There are generally two popular ways to invest in the stock market. Growth investors look for businesses that are usually increasing their sales at a rapid clip. Value-focused investors, on the other hand, look for stocks that are trading for cheap prices relative to competitors and their own fundamentals. Legendary investor Warren Buffett has made a successful career by focusing on the latter. 

Speaking of value investing, after the S&P 500 and the Nasdaq Composite Index dropped 19% and 33%, respectively, in 2022, there are certainly some attractive investment opportunities out there that are on the cheaper end of the spectrum. And you don't have to sacrifice business quality to own them. 

Here's why Alphabet (GOOGL -1.97%) (GOOG -1.96%) is my top value stock to buy right now. 

Looking at the P/E ratio 

To quickly assess the valuation of a specific company, investors can look at the popular price-to-earnings (P/E) ratio. This measures a stock's price relative to its earnings per share. A lower P/E multiple, all else equal, is a good sign because it could indicate the stock is undervalued. To be clear, this method can't work on businesses that don't have any profits. 

As of this writing, Alphabet shares are off 39% from their peak set in November 2021. As a result, the stock currently trades at a P/E multiple of 20. This is well below the stock's trailing three-, five-, and 10-year valuation averages. What's more, it is lower than the valuation of the Nasdaq 100 Index. 

Why has the stock been under so much pressure lately? Alphabet boomed during the coronavirus pandemic, and its stock price climbed quickly, rising 180% from the COVID low to its peak in late 2021. But once the market realized that the decades-high inflation numbers weren't transitory, and that interest rates were set to rise, investors completely soured on tech stocks. This hurt Alphabet's share price. 

We can also point to weakness in the digital advertising market. As executives prepare for a recession, they can quickly cut their marketing dollars. Since the bulk of company revenue comes from advertising, Alphabet felt the pain. Growth decelerated throughout 2022, with sales rising just 1% year over year in the fourth quarter. 

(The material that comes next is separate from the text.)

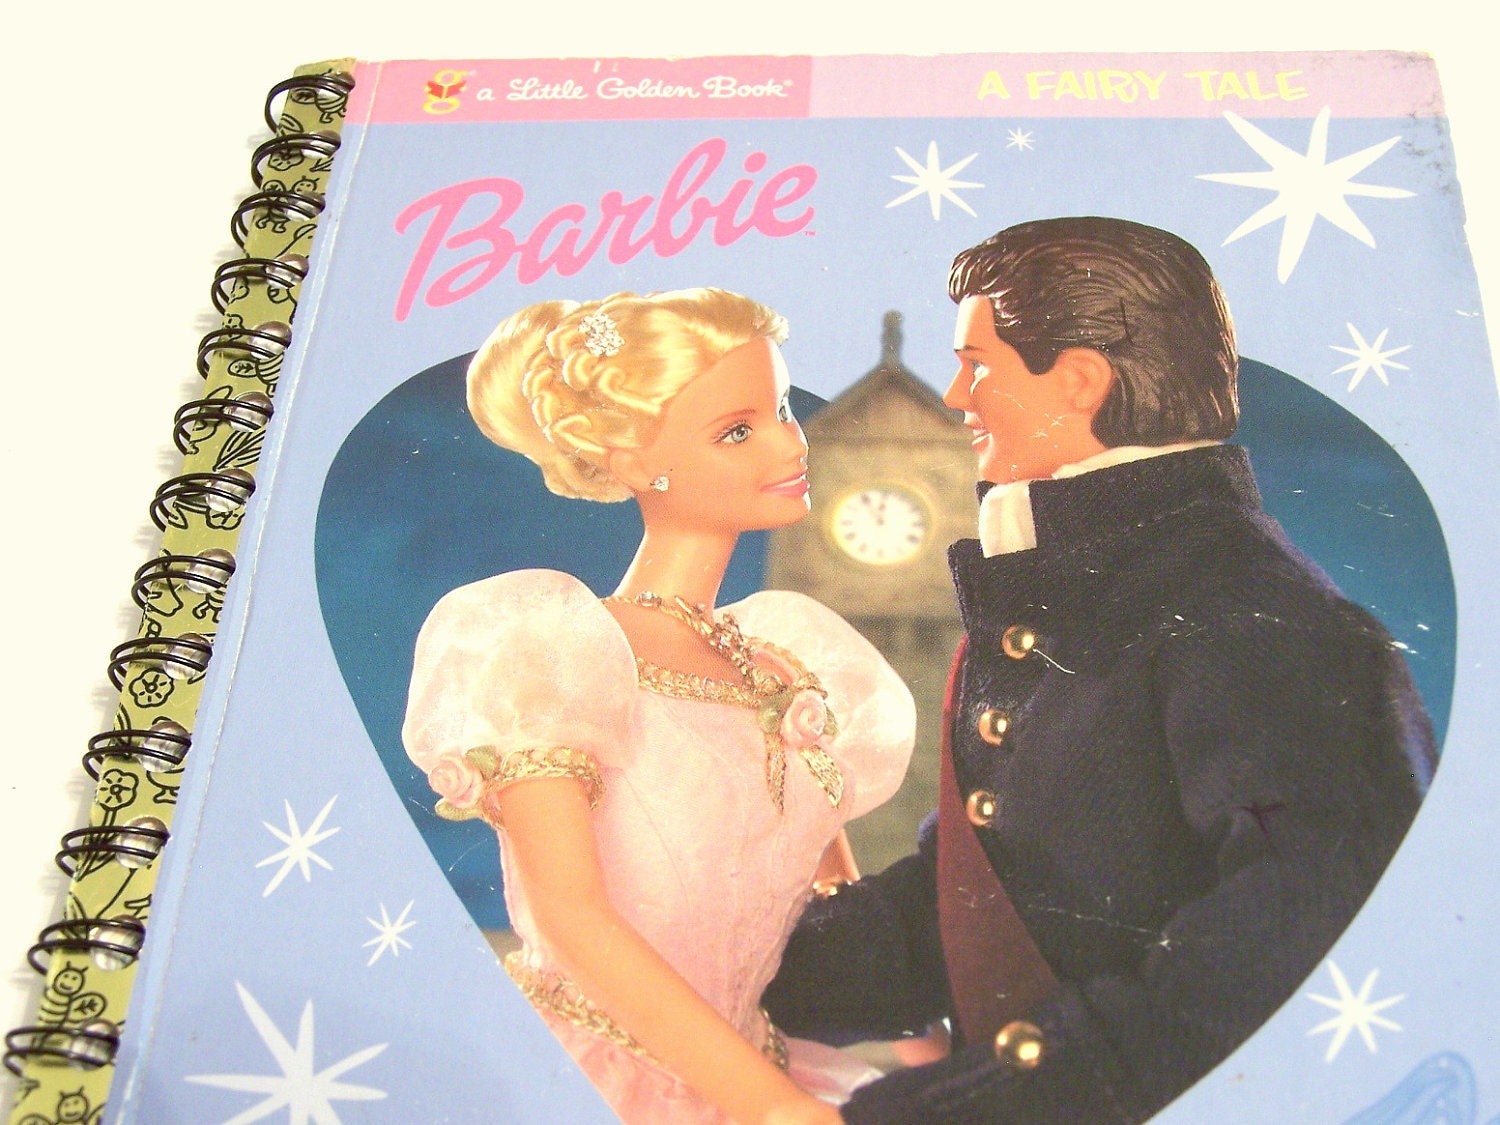 Upcycled Golden Book Notebook Upcycled Barbie Notebook Upcycled Childrens Book:  Barbie as Cinderella Notebook

Alphabet hired aggressively over the past few years, and so it probably wasn't a surprise when the company announced layoffs of 12,000 employees in January. And Chris Hohn, a prominent hedge fund manager, late last year called on Alphabet to lower its costs. 

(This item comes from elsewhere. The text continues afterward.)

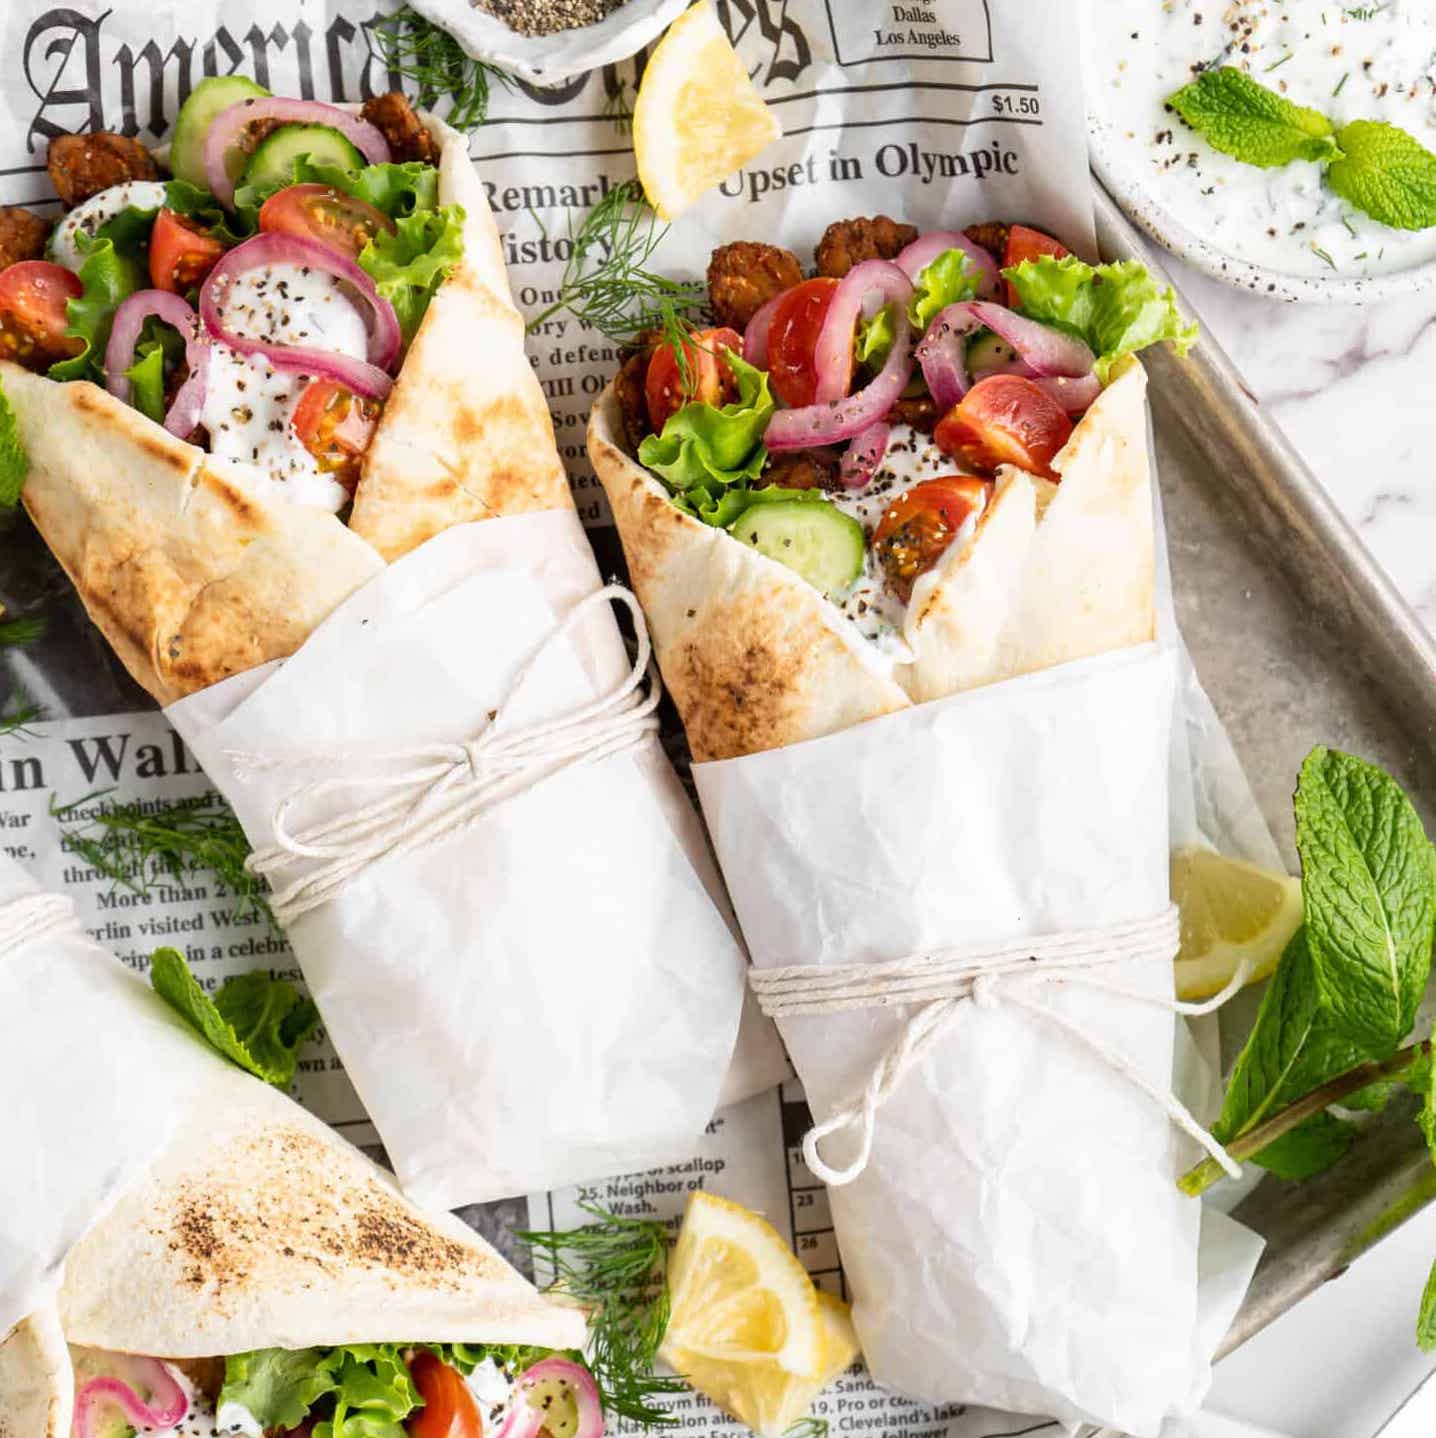 Two wrapped gyros are on a newspaper background. They have pickled red onions, cucumbers, tomatoes, and a white sauce.

What should give shareholders confidence in Alphabet's prospects is that I believe these issues are temporary. They aren't necessarily specific to this company, as we've seen numerous businesses out there struggle throughout 2022. Once the economic picture turns positive and the digital advertising market bounces back, Alphabet should be back to its usual self. 

Still a great business 

It's worth zooming out and focusing on the big picture, instead of fixating on the near-term headwinds. Alphabet benefits from thriving business lines. Accounting for 56% of overall company revenue in the fourth quarter of 2022, Google Search is undoubtedly Alphabet's bread-and-butter segment. It commands 93% of the global search market. And as more internet usage happens on mobile devices, coupled with the fact that roughly one-third of the people in the world haven't used the internet, traffic and sales are likely to rise at a healthy clip over time. 

YouTube is another part of Alphabet that is hard to ignore. The video entertainment service generated $29.2 billion in ad revenue in 2022 (excluding subscription services), nearly on par with Netflix's $31.6 billion. YouTube is special because, like Google Search, it benefits from network effects. More content attracts more viewers, and vice versa, making the service constantly better. 

Lastly, investors need to know about Google Cloud Platform (GCP). With $26.3 billion in revenue in 2022, which was up 37% year over year, GCP is third only behind Amazon Web Services and Microsoft Azure. What's promising is that the operating loss in this segment shrank on a quarter-over-quarter and year-over-year basis in the most recent three-month period. The hope is that with greater scale, GCP can be an important profit driver for Alphabet. 

Being a value investor doesn't mean the companies you own must be mediocre. In fact, they can be some of the best businesses in the world. Alphabet proves this.